→ Provided material:
+-------+
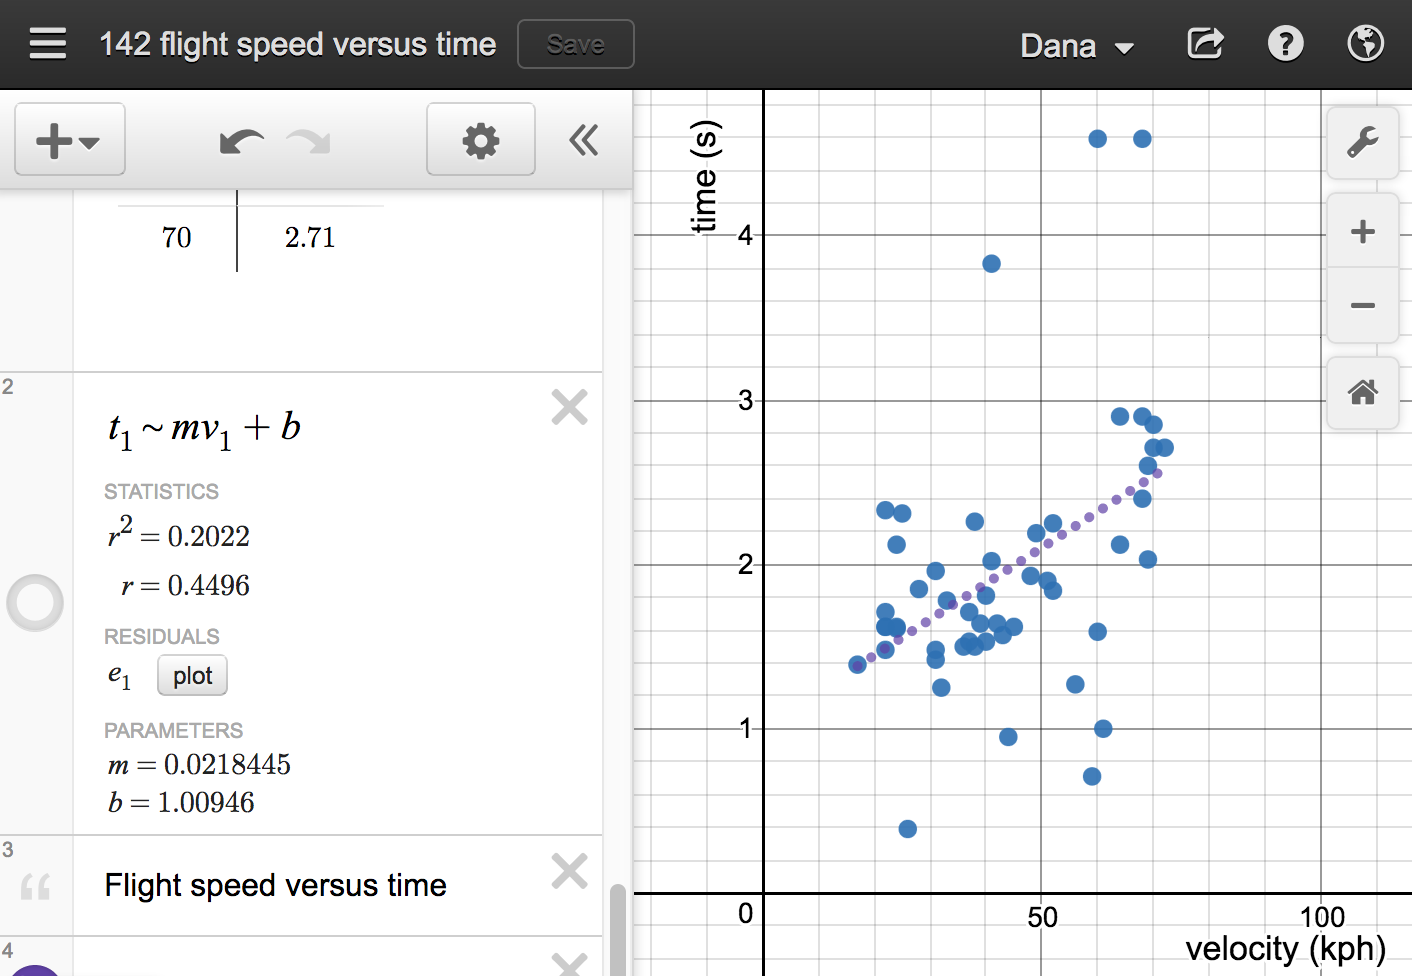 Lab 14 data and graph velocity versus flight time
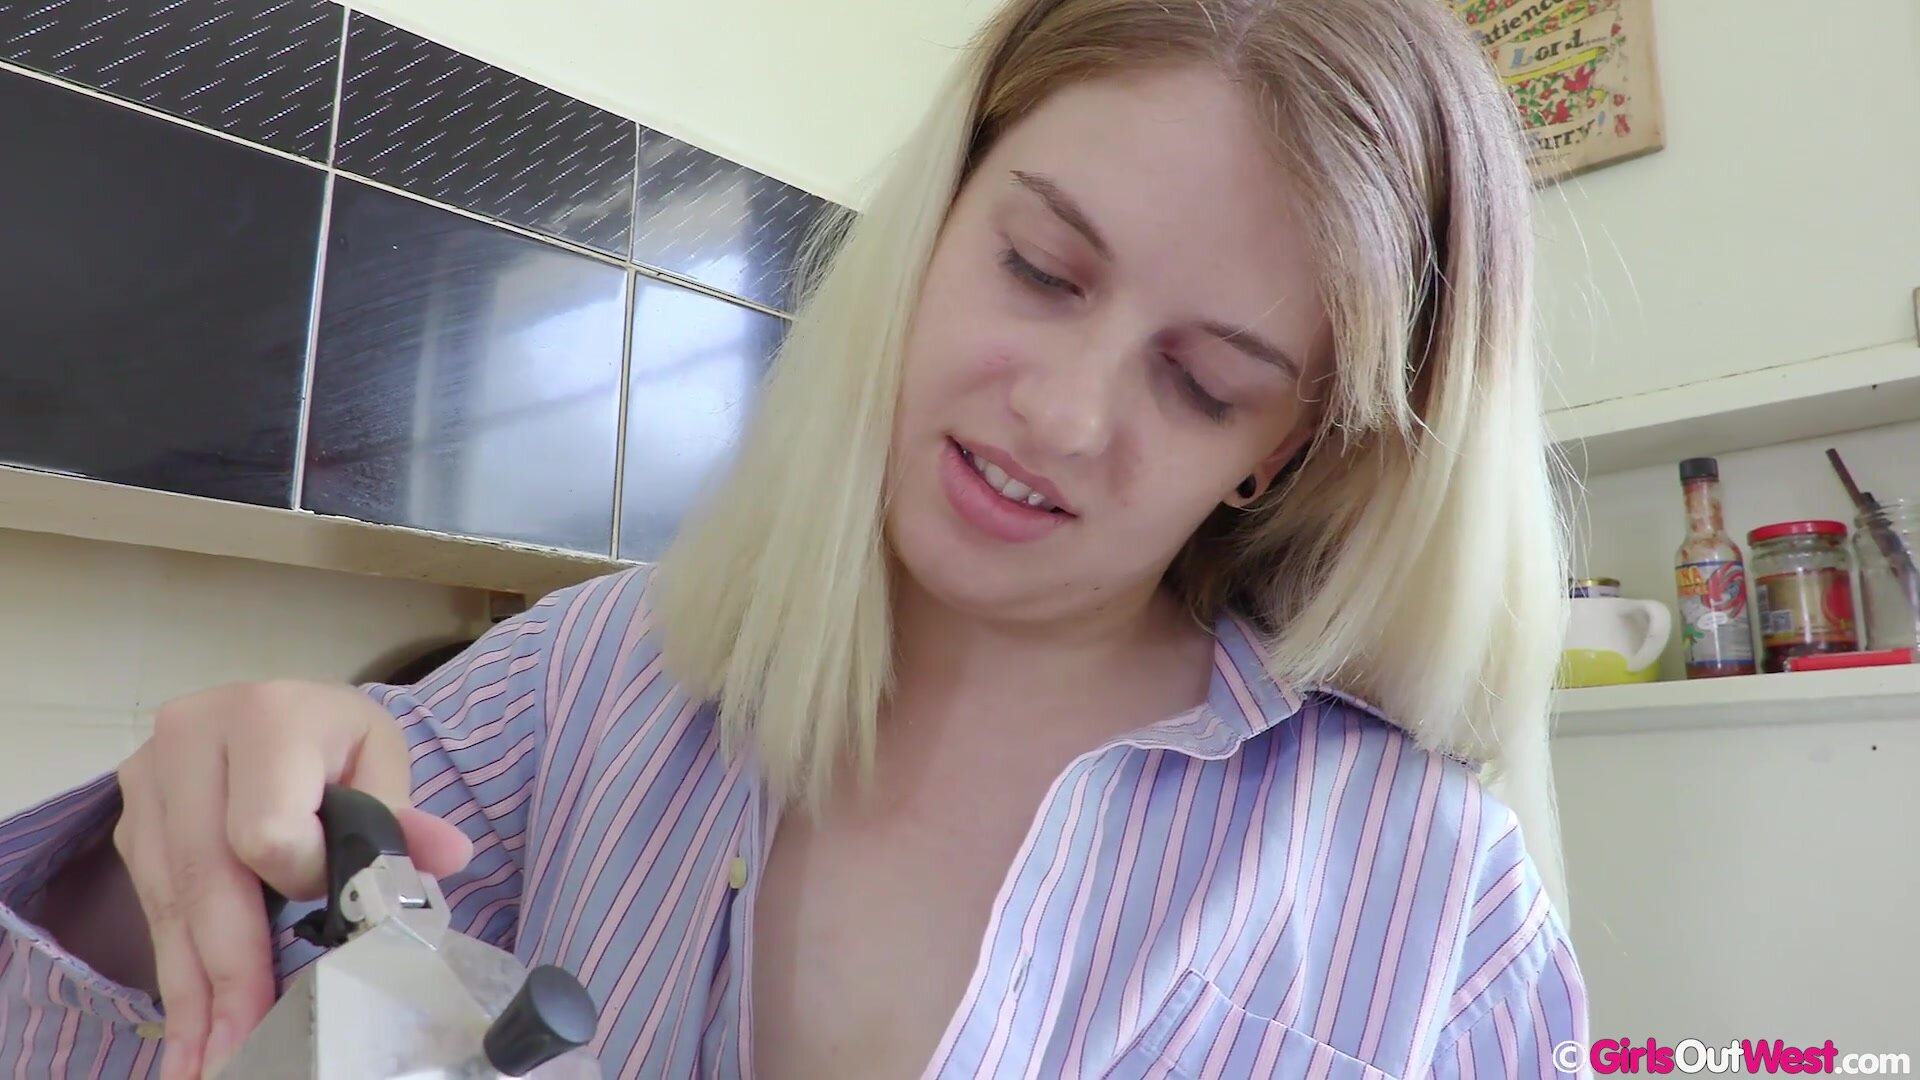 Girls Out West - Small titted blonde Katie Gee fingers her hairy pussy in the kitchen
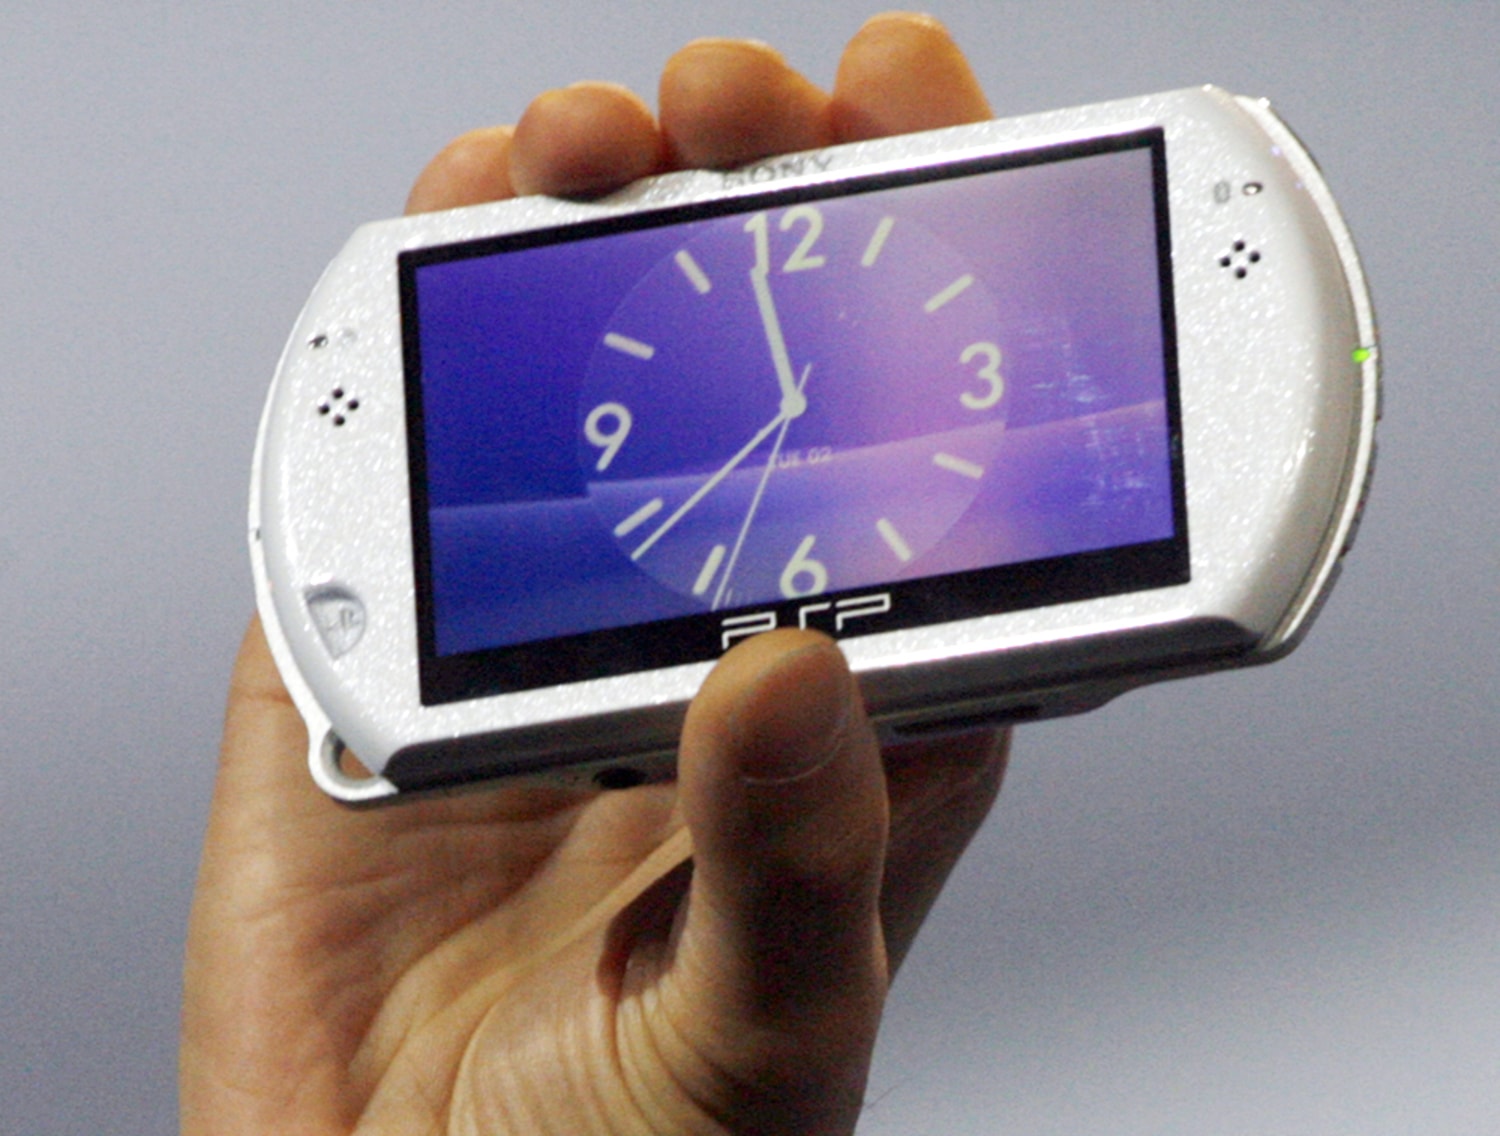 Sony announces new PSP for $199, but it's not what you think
+-------+
→ What the exercise asks:
The expected answer is the listing above, duplicated exactly, with its pictures removed.

→ Result:
 Lab 14 data and graph velocity versus flight time
 Girls Out West - Small titted blonde Katie Gee fingers her hairy pussy in the kitchen
 Sony announces new PSP for $199, but it's not what you think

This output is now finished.